SUPPLIED ENTRIES →
·····

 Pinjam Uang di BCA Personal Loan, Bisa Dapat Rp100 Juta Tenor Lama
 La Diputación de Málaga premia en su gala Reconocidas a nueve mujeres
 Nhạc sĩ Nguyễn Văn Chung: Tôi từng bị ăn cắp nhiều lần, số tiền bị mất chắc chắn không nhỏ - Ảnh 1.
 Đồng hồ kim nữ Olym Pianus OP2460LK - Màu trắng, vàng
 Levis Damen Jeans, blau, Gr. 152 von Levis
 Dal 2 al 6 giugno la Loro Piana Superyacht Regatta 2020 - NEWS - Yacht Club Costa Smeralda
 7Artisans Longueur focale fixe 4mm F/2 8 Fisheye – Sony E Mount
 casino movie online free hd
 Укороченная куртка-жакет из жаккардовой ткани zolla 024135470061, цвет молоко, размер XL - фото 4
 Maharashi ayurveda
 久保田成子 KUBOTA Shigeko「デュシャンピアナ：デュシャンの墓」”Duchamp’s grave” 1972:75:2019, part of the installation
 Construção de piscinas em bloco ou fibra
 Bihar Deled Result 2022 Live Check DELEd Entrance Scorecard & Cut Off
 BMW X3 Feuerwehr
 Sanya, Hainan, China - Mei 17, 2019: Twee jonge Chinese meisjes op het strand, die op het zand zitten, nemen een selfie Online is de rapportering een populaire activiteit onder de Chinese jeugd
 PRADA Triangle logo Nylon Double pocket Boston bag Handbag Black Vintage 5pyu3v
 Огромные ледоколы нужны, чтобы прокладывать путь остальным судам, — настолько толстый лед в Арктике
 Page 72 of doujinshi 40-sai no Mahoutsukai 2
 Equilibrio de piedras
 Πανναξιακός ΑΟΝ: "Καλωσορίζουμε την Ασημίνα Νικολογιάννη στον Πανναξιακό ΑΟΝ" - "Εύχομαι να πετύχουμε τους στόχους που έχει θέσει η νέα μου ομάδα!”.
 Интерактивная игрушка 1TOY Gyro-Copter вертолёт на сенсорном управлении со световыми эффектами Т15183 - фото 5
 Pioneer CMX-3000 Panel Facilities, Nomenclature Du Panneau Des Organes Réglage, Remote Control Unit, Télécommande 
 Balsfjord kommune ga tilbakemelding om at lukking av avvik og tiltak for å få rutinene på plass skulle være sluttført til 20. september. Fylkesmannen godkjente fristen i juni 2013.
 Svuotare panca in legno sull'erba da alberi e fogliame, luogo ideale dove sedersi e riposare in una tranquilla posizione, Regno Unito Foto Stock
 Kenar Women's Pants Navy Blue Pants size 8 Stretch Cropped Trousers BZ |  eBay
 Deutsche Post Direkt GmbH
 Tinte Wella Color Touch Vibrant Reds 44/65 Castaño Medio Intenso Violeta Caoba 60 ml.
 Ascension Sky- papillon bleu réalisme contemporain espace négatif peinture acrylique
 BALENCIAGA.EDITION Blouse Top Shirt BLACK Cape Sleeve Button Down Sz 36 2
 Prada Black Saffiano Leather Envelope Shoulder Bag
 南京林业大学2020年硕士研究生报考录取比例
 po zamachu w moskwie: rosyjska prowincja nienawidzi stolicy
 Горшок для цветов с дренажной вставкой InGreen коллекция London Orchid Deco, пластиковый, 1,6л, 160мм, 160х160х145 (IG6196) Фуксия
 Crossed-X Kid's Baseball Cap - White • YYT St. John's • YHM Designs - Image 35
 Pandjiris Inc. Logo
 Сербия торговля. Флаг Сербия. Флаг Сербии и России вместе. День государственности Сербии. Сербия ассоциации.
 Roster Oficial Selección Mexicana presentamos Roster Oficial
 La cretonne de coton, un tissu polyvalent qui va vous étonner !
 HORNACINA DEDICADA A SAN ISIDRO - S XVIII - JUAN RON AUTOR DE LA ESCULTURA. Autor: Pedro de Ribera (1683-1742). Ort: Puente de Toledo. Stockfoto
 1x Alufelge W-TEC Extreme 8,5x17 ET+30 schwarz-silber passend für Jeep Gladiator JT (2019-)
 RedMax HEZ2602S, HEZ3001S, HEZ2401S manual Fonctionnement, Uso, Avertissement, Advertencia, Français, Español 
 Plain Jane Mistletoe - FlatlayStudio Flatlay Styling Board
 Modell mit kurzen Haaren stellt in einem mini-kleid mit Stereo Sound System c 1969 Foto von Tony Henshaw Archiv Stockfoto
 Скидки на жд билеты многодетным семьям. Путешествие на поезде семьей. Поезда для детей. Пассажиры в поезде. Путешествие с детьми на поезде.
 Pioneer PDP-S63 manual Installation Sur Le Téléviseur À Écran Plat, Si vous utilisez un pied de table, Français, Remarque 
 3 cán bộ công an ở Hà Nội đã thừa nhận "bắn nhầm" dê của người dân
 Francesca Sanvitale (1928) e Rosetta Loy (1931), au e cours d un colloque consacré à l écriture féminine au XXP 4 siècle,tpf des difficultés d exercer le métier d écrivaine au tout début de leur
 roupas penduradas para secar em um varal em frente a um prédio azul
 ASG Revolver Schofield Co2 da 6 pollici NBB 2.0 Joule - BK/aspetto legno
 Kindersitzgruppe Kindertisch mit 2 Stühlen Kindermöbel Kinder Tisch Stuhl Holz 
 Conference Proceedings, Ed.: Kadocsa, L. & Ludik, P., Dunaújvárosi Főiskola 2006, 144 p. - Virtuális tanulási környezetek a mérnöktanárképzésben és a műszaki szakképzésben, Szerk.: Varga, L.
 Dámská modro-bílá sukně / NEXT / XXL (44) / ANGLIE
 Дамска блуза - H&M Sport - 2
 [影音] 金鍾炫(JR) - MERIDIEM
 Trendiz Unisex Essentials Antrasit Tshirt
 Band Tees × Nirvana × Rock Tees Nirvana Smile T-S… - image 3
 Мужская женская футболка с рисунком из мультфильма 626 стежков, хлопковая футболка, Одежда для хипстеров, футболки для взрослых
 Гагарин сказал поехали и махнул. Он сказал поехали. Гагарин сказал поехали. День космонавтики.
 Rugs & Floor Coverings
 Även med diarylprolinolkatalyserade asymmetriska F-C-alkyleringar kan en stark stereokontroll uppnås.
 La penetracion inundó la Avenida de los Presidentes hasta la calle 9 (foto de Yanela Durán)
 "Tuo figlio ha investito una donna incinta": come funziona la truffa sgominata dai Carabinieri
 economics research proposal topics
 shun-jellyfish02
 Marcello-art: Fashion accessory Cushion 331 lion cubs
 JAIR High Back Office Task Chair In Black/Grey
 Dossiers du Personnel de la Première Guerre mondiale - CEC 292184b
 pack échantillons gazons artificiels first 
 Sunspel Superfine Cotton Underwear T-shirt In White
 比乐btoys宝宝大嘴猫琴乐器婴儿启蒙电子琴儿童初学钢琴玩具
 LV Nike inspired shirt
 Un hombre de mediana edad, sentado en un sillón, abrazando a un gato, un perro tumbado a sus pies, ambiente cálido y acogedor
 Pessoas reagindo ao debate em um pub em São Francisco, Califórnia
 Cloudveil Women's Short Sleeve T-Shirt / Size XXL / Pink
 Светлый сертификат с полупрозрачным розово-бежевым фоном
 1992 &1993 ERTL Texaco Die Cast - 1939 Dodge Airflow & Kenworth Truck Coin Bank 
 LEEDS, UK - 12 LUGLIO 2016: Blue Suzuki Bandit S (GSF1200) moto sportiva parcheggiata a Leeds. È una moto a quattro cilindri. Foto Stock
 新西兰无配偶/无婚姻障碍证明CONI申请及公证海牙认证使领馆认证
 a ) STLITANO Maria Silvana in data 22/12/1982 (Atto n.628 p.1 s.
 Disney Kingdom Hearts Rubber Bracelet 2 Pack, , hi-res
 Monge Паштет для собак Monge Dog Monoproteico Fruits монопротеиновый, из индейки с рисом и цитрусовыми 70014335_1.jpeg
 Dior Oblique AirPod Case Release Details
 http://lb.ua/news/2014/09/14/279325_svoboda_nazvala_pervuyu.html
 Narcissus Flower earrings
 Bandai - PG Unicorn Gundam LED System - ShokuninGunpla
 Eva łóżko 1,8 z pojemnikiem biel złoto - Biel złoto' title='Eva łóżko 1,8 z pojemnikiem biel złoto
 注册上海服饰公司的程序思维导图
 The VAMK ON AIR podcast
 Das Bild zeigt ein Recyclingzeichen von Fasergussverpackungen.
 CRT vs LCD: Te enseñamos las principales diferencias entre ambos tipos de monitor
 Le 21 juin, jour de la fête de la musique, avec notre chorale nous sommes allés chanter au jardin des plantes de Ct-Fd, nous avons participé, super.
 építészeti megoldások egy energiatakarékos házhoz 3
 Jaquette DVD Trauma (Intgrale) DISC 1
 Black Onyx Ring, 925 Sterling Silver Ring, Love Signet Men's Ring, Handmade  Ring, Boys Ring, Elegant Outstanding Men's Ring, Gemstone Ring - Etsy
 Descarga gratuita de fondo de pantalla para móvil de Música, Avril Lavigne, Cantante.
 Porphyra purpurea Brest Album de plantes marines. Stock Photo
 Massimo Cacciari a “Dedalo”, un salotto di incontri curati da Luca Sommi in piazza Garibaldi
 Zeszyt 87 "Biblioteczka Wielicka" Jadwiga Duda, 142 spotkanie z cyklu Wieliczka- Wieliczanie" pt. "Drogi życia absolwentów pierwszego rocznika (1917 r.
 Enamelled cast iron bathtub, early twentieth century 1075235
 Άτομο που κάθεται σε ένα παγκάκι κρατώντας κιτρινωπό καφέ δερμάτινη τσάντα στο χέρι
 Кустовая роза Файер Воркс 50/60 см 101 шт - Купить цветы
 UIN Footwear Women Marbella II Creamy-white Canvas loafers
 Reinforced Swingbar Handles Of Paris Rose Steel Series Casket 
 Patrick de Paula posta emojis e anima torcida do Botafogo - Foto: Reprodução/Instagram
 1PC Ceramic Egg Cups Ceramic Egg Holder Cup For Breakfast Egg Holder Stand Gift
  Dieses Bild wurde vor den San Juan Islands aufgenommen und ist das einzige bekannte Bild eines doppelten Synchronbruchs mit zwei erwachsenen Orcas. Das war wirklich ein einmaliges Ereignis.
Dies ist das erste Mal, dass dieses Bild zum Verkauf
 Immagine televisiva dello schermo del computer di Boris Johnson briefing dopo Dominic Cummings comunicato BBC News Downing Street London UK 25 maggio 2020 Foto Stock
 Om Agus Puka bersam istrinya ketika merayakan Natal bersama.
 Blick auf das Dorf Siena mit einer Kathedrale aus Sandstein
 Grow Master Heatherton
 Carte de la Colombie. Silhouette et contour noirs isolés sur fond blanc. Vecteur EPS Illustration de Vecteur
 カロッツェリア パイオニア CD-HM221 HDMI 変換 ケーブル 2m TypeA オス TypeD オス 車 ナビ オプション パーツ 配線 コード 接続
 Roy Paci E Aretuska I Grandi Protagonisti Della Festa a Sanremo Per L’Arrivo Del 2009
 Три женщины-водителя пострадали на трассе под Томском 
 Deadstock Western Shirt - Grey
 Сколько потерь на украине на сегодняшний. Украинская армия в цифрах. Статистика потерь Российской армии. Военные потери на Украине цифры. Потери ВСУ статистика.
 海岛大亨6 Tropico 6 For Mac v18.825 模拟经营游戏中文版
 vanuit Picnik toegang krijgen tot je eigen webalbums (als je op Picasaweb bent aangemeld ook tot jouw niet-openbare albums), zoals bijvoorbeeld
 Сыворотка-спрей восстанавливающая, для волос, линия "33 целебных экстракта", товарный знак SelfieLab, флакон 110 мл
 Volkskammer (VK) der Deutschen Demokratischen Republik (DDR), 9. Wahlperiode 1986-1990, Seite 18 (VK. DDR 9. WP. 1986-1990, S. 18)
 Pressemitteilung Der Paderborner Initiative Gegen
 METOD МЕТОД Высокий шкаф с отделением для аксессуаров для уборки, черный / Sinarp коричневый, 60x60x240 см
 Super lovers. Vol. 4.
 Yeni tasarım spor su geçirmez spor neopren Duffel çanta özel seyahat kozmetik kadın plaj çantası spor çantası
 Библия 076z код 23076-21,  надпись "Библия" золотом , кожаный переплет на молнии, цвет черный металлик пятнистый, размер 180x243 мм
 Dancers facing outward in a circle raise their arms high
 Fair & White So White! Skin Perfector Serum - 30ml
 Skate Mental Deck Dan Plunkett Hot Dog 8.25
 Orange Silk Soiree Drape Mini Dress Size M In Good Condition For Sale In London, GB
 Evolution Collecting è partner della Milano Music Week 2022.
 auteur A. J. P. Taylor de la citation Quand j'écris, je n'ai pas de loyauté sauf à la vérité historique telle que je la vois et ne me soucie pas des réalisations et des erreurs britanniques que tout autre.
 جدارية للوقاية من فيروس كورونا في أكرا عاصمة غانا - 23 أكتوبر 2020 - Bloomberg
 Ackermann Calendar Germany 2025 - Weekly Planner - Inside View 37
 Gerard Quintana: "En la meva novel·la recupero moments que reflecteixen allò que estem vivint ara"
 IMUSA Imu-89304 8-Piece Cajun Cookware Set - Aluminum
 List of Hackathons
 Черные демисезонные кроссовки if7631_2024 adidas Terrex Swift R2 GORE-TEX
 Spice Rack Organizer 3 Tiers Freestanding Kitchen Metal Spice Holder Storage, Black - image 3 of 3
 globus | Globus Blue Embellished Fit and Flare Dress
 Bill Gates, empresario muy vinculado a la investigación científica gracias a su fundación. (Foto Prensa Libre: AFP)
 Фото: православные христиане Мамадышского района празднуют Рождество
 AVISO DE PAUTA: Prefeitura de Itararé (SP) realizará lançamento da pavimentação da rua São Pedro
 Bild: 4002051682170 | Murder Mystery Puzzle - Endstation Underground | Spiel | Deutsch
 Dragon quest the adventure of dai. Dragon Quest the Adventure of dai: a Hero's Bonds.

·····

TASK TO COMPLETE → Within the material above, copy exactly the lines from the line that holds "Dies ist das" up to and including the line that holds "Dancers facing outward".

COMPLETED TASK →
Dies ist das erste Mal, dass dieses Bild zum Verkauf
 Immagine televisiva dello schermo del computer di Boris Johnson briefing dopo Dominic Cummings comunicato BBC News Downing Street London UK 25 maggio 2020 Foto Stock
 Om Agus Puka bersam istrinya ketika merayakan Natal bersama.
 Blick auf das Dorf Siena mit einer Kathedrale aus Sandstein
 Grow Master Heatherton
 Carte de la Colombie. Silhouette et contour noirs isolés sur fond blanc. Vecteur EPS Illustration de Vecteur
 カロッツェリア パイオニア CD-HM221 HDMI 変換 ケーブル 2m TypeA オス TypeD オス 車 ナビ オプション パーツ 配線 コード 接続
 Roy Paci E Aretuska I Grandi Protagonisti Della Festa a Sanremo Per L’Arrivo Del 2009
 Три женщины-водителя пострадали на трассе под Томском 
 Deadstock Western Shirt - Grey
 Сколько потерь на украине на сегодняшний. Украинская армия в цифрах. Статистика потерь Российской армии. Военные потери на Украине цифры. Потери ВСУ статистика.
 海岛大亨6 Tropico 6 For Mac v18.825 模拟经营游戏中文版
 vanuit Picnik toegang krijgen tot je eigen webalbums (als je op Picasaweb bent aangemeld ook tot jouw niet-openbare albums), zoals bijvoorbeeld
 Сыворотка-спрей восстанавливающая, для волос, линия "33 целебных экстракта", товарный знак SelfieLab, флакон 110 мл
 Volkskammer (VK) der Deutschen Demokratischen Republik (DDR), 9. Wahlperiode 1986-1990, Seite 18 (VK. DDR 9. WP. 1986-1990, S. 18)
 Pressemitteilung Der Paderborner Initiative Gegen
 METOD МЕТОД Высокий шкаф с отделением для аксессуаров для уборки, черный / Sinarp коричневый, 60x60x240 см
 Super lovers. Vol. 4.
 Yeni tasarım spor su geçirmez spor neopren Duffel çanta özel seyahat kozmetik kadın plaj çantası spor çantası
 Библия 076z код 23076-21,  надпись "Библия" золотом , кожаный переплет на молнии, цвет черный металлик пятнистый, размер 180x243 мм
 Dancers facing outward in a circle raise their arms high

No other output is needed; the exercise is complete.